『罪の声』(2020)/『母性』(2022)

この二本をまとめるのは、単に今日のゼミで学生が発表の対象作品に選んだから、ということではあるのですが、学生運動が歴史的な背景になっているのが偶然にも共通してました。私は別に当時の学生運動を擁護したくもないですが、このように物語的に使われた時に、現状肯定のための道具にしかならないというのがどうも気になります。

『罪の声』はとりわけそのメッセージ性が強いですね。グリコ・森永事件を題材に取り、その真相の仮説を映画にしたもの(原作小説は塩田武士による2016年の作品)。あの事件で脅迫電話に使われた子供の声の持ち主・曽根を星野源が演じ、やがて新聞記者の阿久津(小栗旬)とともにバディを組んで真相に迫っていく。星野源、バディを組みがち。

主犯の背景には学生運動(の敗北)があって、江戸の敵を長崎で取ろうとしたという話なんですが、その辺ですごく薄っぺらくなるというか、お前の「社会変革」は何人かの人間を不幸にするだけだったんだバカヤロウと言って、最終的に阿久津が社会派(そして社会部)の記者として目覚める(目覚め直す)、そして声なき声に耳を傾けるのだと言う、みたいなのは、ちょっとな、と思います。いや、繰り返しますが、新左翼運動が良かったとはこれっぽっちも思わないんですが、なんだか学生のレポートによくある、「メディアが問題だと思います」「教育が問題だと思います」みたいな定型的な結論を読まされている感じもあり、学生運動が現状肯定のためだけに使われている感じがあり。

それより気になったのは、新聞の文化部をバカにして、本当の仕事は社会部だ、みたいなマッチョなヒエラルキーが最初から最後まで崩されないのはいかがなものかと思いました。

『母性』もなかなかにキツい映画(いろんな意味で)。愛しすぎてしまう母娘関係の地獄とそこからの解放(?)ということですが、「女には二種類しかない、母と娘である」といった地獄のような台詞(大意)が出てきてしまうのはなぜか、女が「個人」になれないのはなぜかと言えば、これははっきり家父長制なわけです。そこを問わないようにしている(明らかにダメな父とはいつの間にか心理的に和解していたり)のは、どうなんだろうと思います。
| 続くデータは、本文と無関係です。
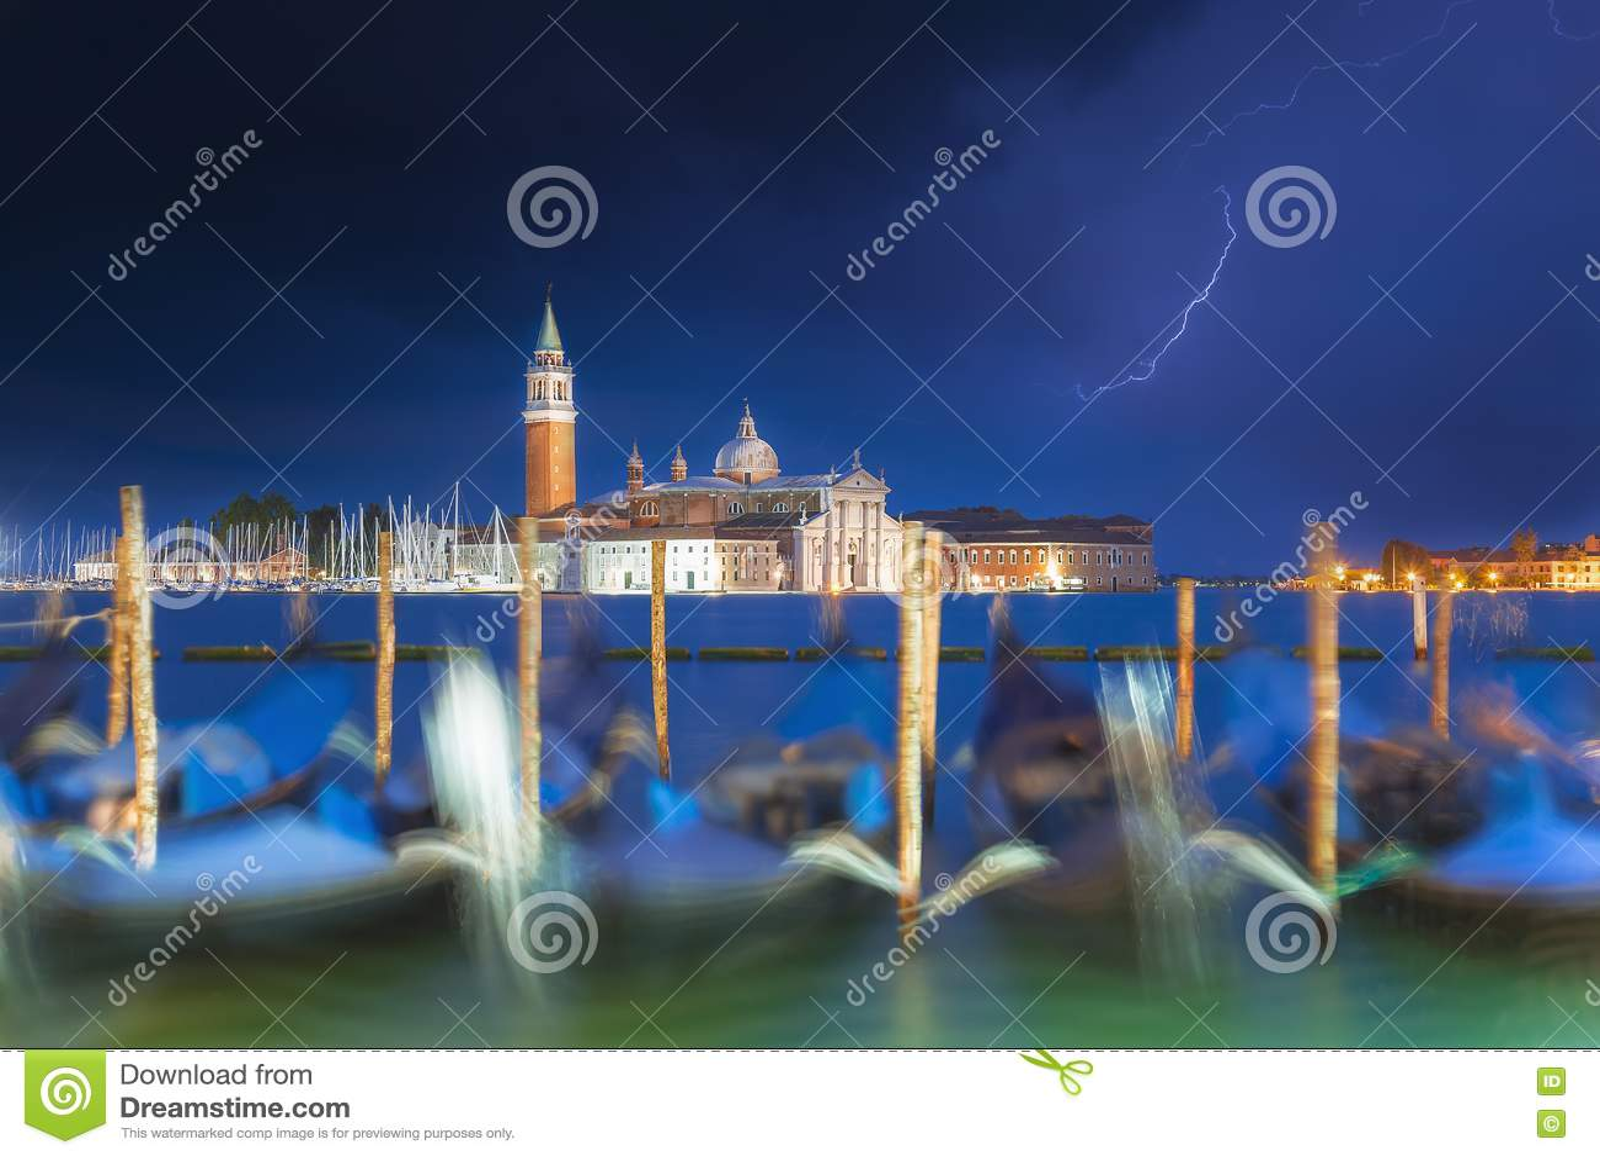 De kerk en de gondels van San Giorgio Maggiore in Venetië, Italië tijdens blauw uur met dramatische hemel en verlichting Nadruk o
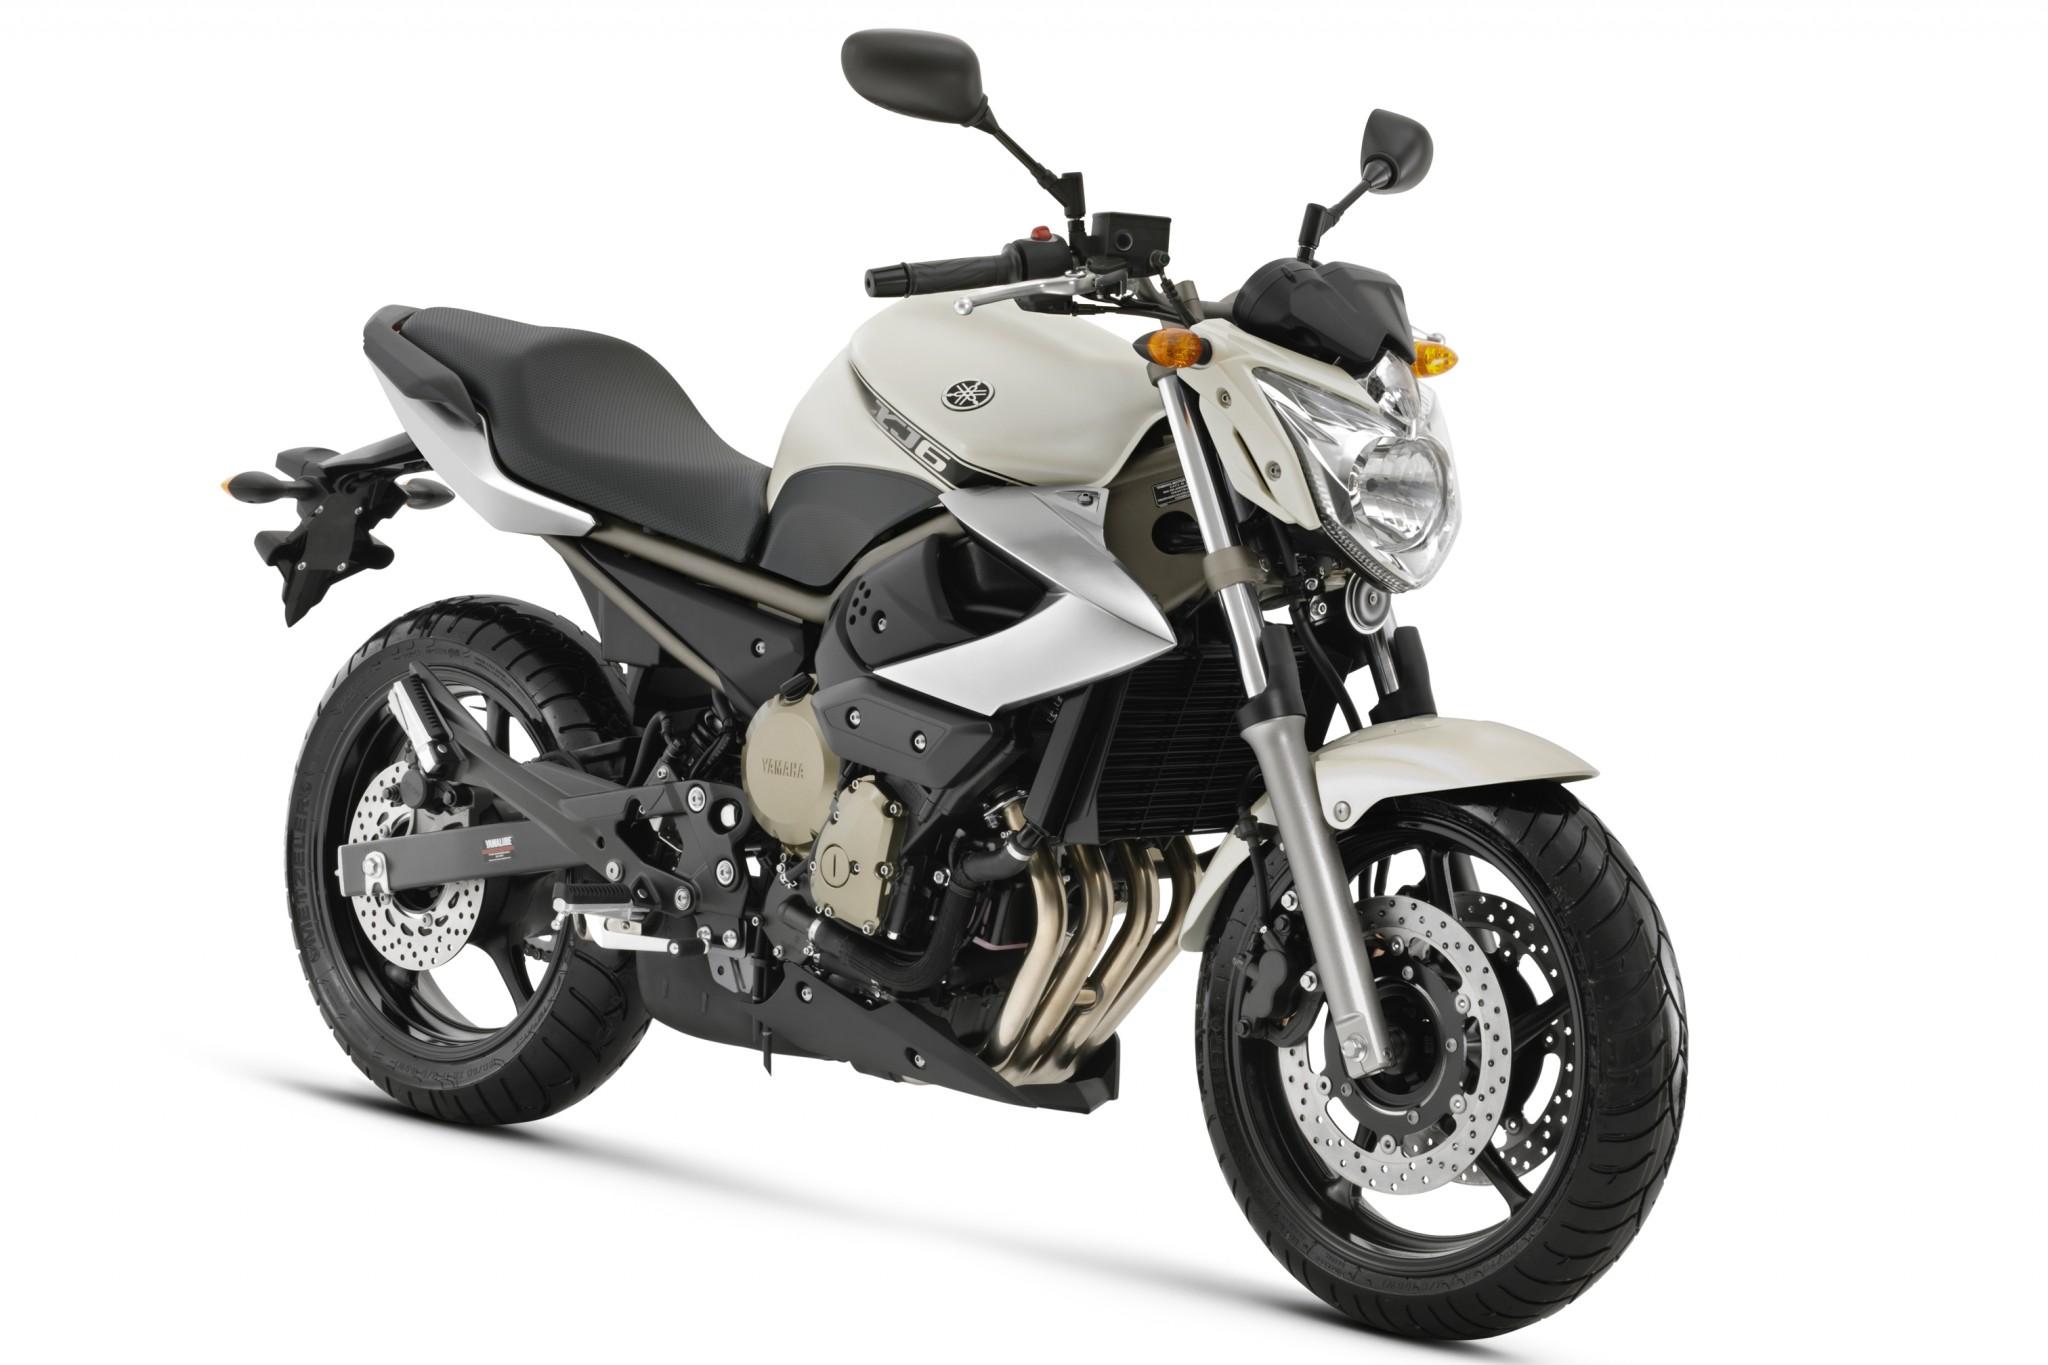 Yamaha Lança A Xj6 Diversion No Brasil Motos Blog

そして最後は出生主義へ。

ただ、いずれの映画も階級を問題にしているのは面白い点でした。『罪の声』では今ではテイラーを継いで家族を持ち、幸せな曽根と、完全に人生を奪われたもう一人の「声」の主との境遇の差異は、ごく一般的な、偶然に生まれ落ちた階級的な境遇の不条理の話になっている。一方で『母性』は実は階級没落、というかかなり上の方であるらしいアッパーミドルの娘が農家、といっても富農の家に身を寄せることになり、という階級移動の物語になっています。

『母性』における階級をめぐって注目すべきなのは、上記のような家父長制の地獄を生み出しているはずの男たち。田所家の父はすでに他界しているが、息子の哲史(ルミ子の夫)に暴力を加えていたらしく、そのためかおそらく息子は家を出てブルーカラー労働者になっています。そのような過去を抱えた彼が、田所家の家父長制の外部、場合によっては対抗勢力になり得るのだけど、彼は不思議な沈黙と奇妙な不倫をするだけ。いや、あの不倫は田所家の家父長制(現時点では高畑淳子が強烈に演じるルミ子の義母が一手に代表)への反乱という意味があり得たのですが、清佳(ルミ子の娘)はそれを裏切りとしか見ず(仕方ないことではある)、結果清佳は母ルミ子と共に家父長制の存続に手を貸すことになっています。もちろん映画はそのようなことをおそらくは意図しておらず、哲史の人物像は一貫性のない断片になってしまっている印象です。

二本続けて観て、残ったのは高畑淳子の怪演、あのだみ声でしたとさ。罪深い声。